Шрифт:
Интервал:
Закладка:
– Юрген, вы уверены?
Фон Вальдерзее аж поперхнулся ветчиной:
– Интересно, кто из нас допрашиваемый? Итак, почему ваш военный совет принял решение уйти под Игожево?
Тарасов вздохнул…
* * *
Раздавленные неудачей в главном бою всех операций, десантники разбредались по своим шалашам. А в штабе шел горячий спор. Что делать дальше?
Немцы уже обнаружили расположение лагеря – сегодняшняя атака полевого госпиталя подтвердила это. Понятно, что это была разведка боем. Но отсюда следует, что промедление подобно смерти. Необходимо сниматься и уходить. Но куда уходить, имея на руках двести раненых, из которых половина – тяжело? Тащить на себе? КУДА??
– Гринёв! Тварь! Ты где был, где был? – Тарасов вскочил с березовой чурки, заменявшей стул, когда комбриг-двести четыре вошел в штабной шалаш.
– Подполковник, успокойтесь! – крикнул на него Латыпов.
А Гринёв побледнел и схватился за раненое плечо. Несколько картинно, правда, как показалось Мачихину. Гринёва поддержал его комиссар – Никитин.
– Вы слова подбирайте, Тарасов, – почти крикнул Никитин. – Видите, Георгий Захарович ранен!
Гринёв, поморщившись, сел за дощатый стол. Потом он погладил себя по плечу и бесцветным голосом начал:
– Бригада попала на замаскированные огневые точки – вкопанные танки. И кинжальный фланговый огонь крупнокалиберных пулеметов…
– Положить десантников зазря? Увольте! – рявкнул на Тарасова Никитин.
– Была бы моя воля – уволил бы в расход, товарищ полковой комиссар! Доклады тут не надо докладывать. Надо приказы выполнять!
– Спокойно, подполковник. Все же двести четвертая имеет боевой опыт – и Болград с Кагулом в Молдавии, и бои с белофиннами в составе Пятнадцатой армии, – остановил Тарасова Латыпов.
– А эти тут при чем? – презрительно кивнул в сторону Гринёва и Никитина Тарасов. – Они что, были там?
– Ефимыч, спокойнее… – шепнул ему Мачихин.
А дневальный подбросил еще одну охапочку дров в печку-чугунку. Она защелкала, затрещала, и чайник снова забурлил кипятком.
– Еще раз говорю! – встал Латыпов. – Полеты будем разбирать дома. Давайте решать. Что? Делать? Дальше?
Полковник раздельно, почти по слогам, произнес последние слова:
– Шишкин, доложите обстановку.
– Южный берег реки Явонь немцами сильно укреплен.

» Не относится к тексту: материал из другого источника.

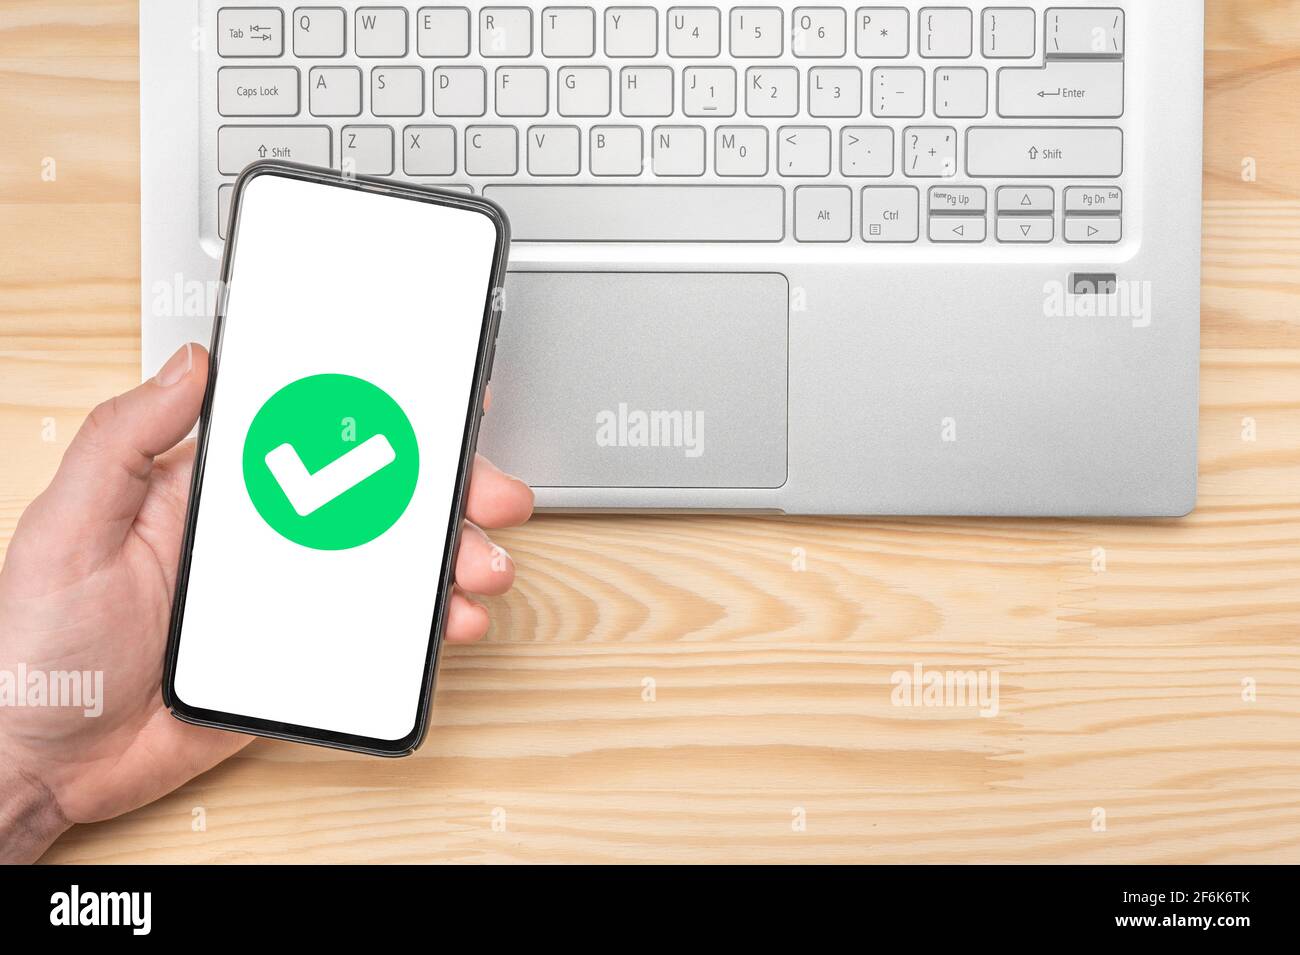 cell phone confirmation. Smartphone with green checkmark on screen, validated, confirmed, completed, approved. Confirmed Smartphone Order Success. han Stock Photo
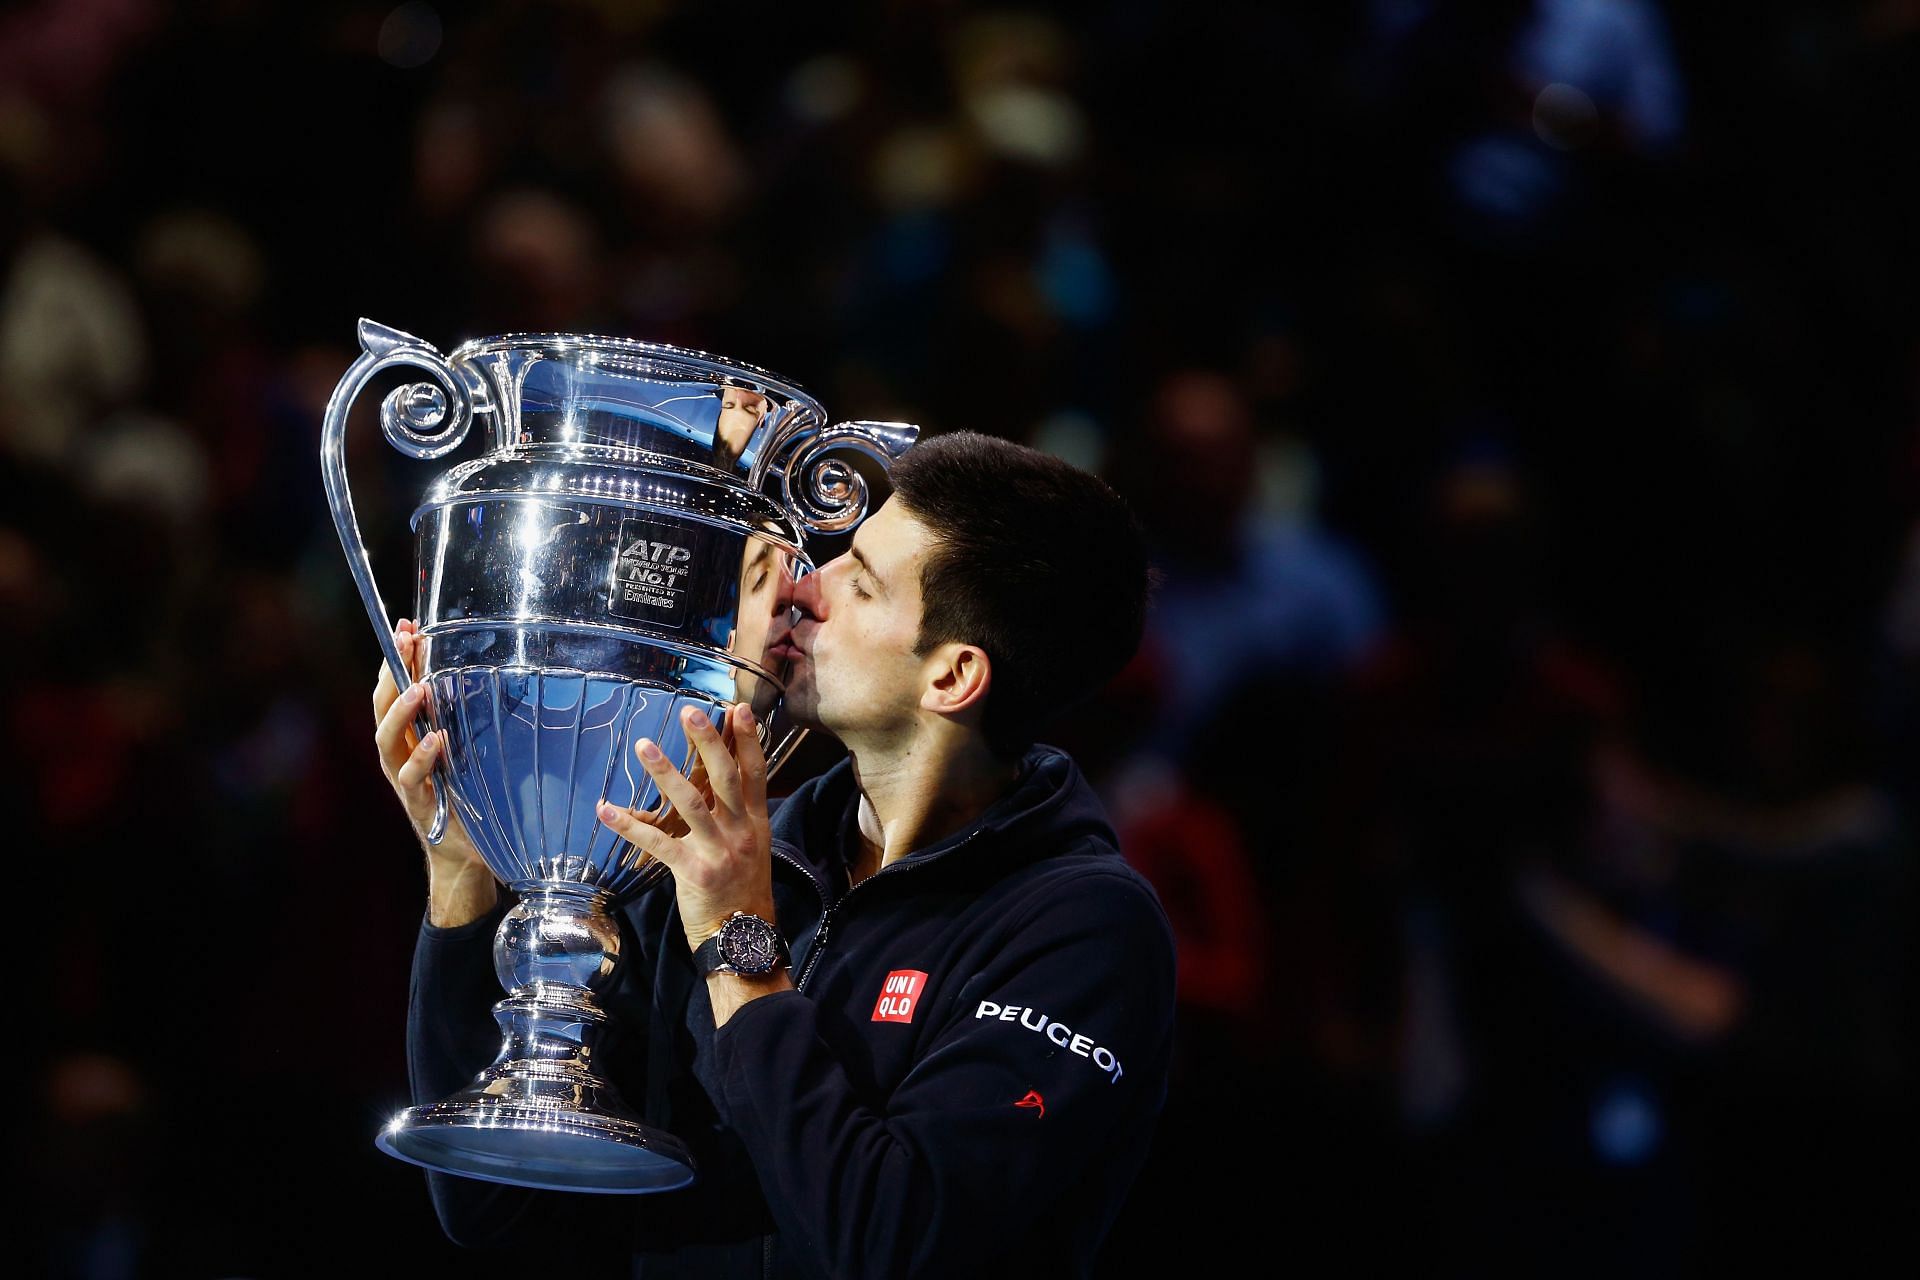 Novak Djokovic has spent more than seven years as the World No. 1 ranked player

Дзоты. Закопаны танки. Окопы в полный профиль. Вдоль берега дорога Демянск – Старая Русса. По дороге курсируют бронетранспортеры. В лесистых участках – дозоры по пять-семь солдат. Саму дорогу постоянно чистят мирные жители из Демянска, Доброслей, Игожево и других населенных пунктов. Разведка обнаружила, что в Игожеве расположен штаб восемьдесят девятого полка и семьсот седьмого штрафного батальона. И какой-то генерал…
– Это когда Малеев там генерала обнаружил? – удивился Латыпов.
– Позавчера еще, товарищ полковник! – ответил майор Шишкин. – Лежали в засаде, наблюдали, как старик в штанах с лампасами зарядку делал. Взяли ефрейтора из дозора, но тот помер случайно, прежде чем о генерале рассказал.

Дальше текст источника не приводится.